To speed things up in the oven, crimp up some aluminum and put it between the door and the oven allowing for an unsealed oven. 
This will let the moisture out quicker.


----------



## phrakt (Jan 5, 2007)

41714049 said:


> But if you want to use it to cover a background overtop wet silicone IT NEEDS TO BE COMPLETELY DRY!

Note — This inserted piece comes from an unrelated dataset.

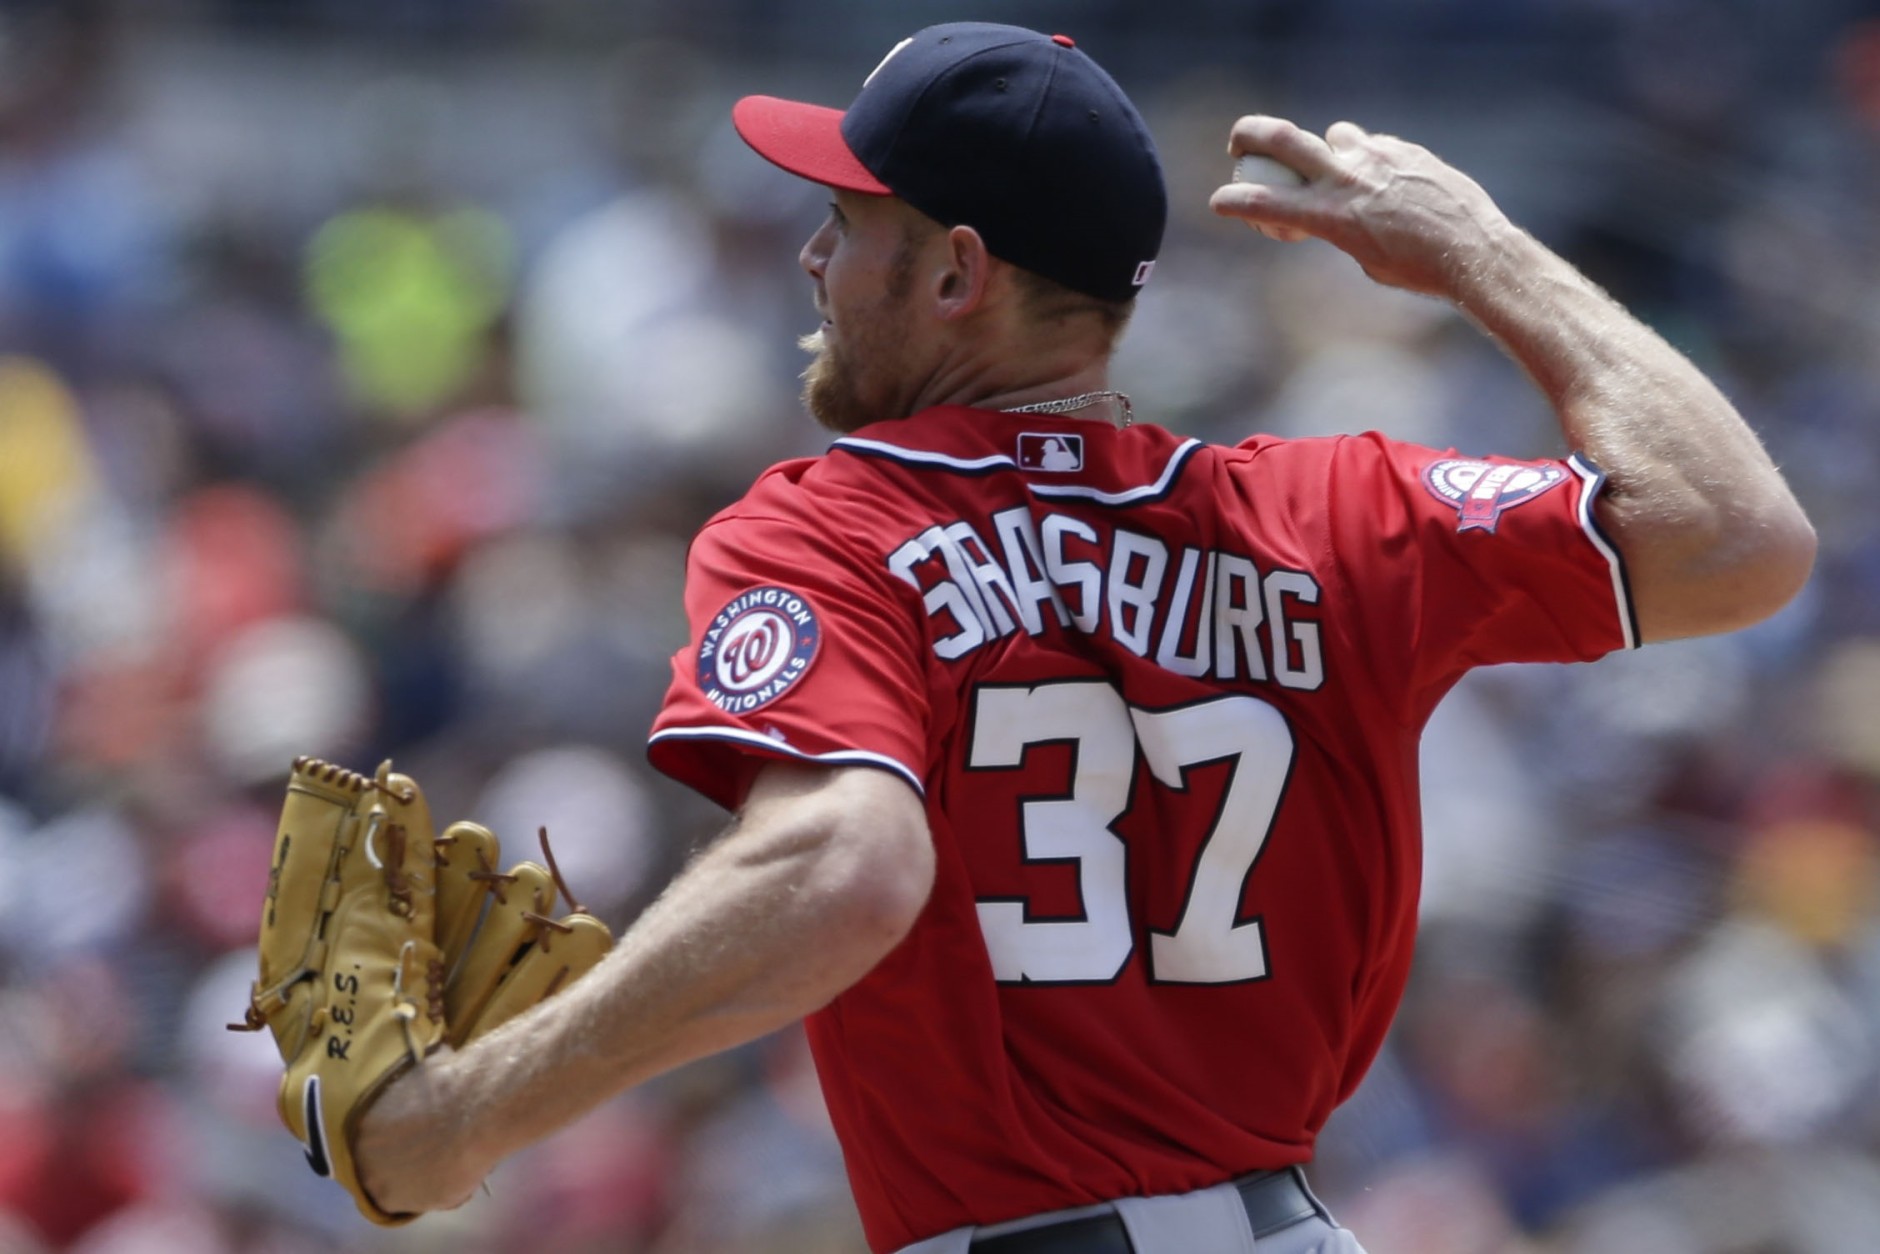 Washington Nationals starting pitcher Stephen Strasburg  throws to a San Diego Padres batter during the third inning in a baseball game Sunday, May 17, 2015, in San Diego. (AP Photo/Gregory Bull)

I beg to differ! I made the backgrounds of two vivs with coco bedding that was still humid, and the end result was pretty much the same. I still don't recommend doing that, I was a bit too impatient to get these finished.


----------



## PDFanatic (Mar 3, 2007)

I dunno about you guys but for some reason I wouldnt want eco earth tumbling around in a pillow case in my brand new maytag neptune High efficiency dryer!!! Just my thoughts now if I had some old beat up pos then I may experiment but I dunno just in case that pillow case ever came open for one reason or another...and with my luck it would I wouldnt want my clothes smelling like eco earth for the next year or so!!!


----------



## zaroba (Apr 8, 2006)

yes, it would make sense that since the heating element is on the incoming airflow for a dryer, that there woulden't be a fire. however, the main fire risk with dryers is that if the air exhost gets clogged with lint, dust etc, then it could back up and over heat casueing a fire. which is why dryers have the little lint screen even though the air usually just goes right outside. its also why flexible plastic dryer exhost hoses aren't recommended, lint gathers in the folds and creases easily (sorta like substrate gathering in a reptiles intestin and causing a blockage)

you'd also have the issue of the the dust gathering on the inside of the dryer, like on greased areas, belts, and the motor.


----------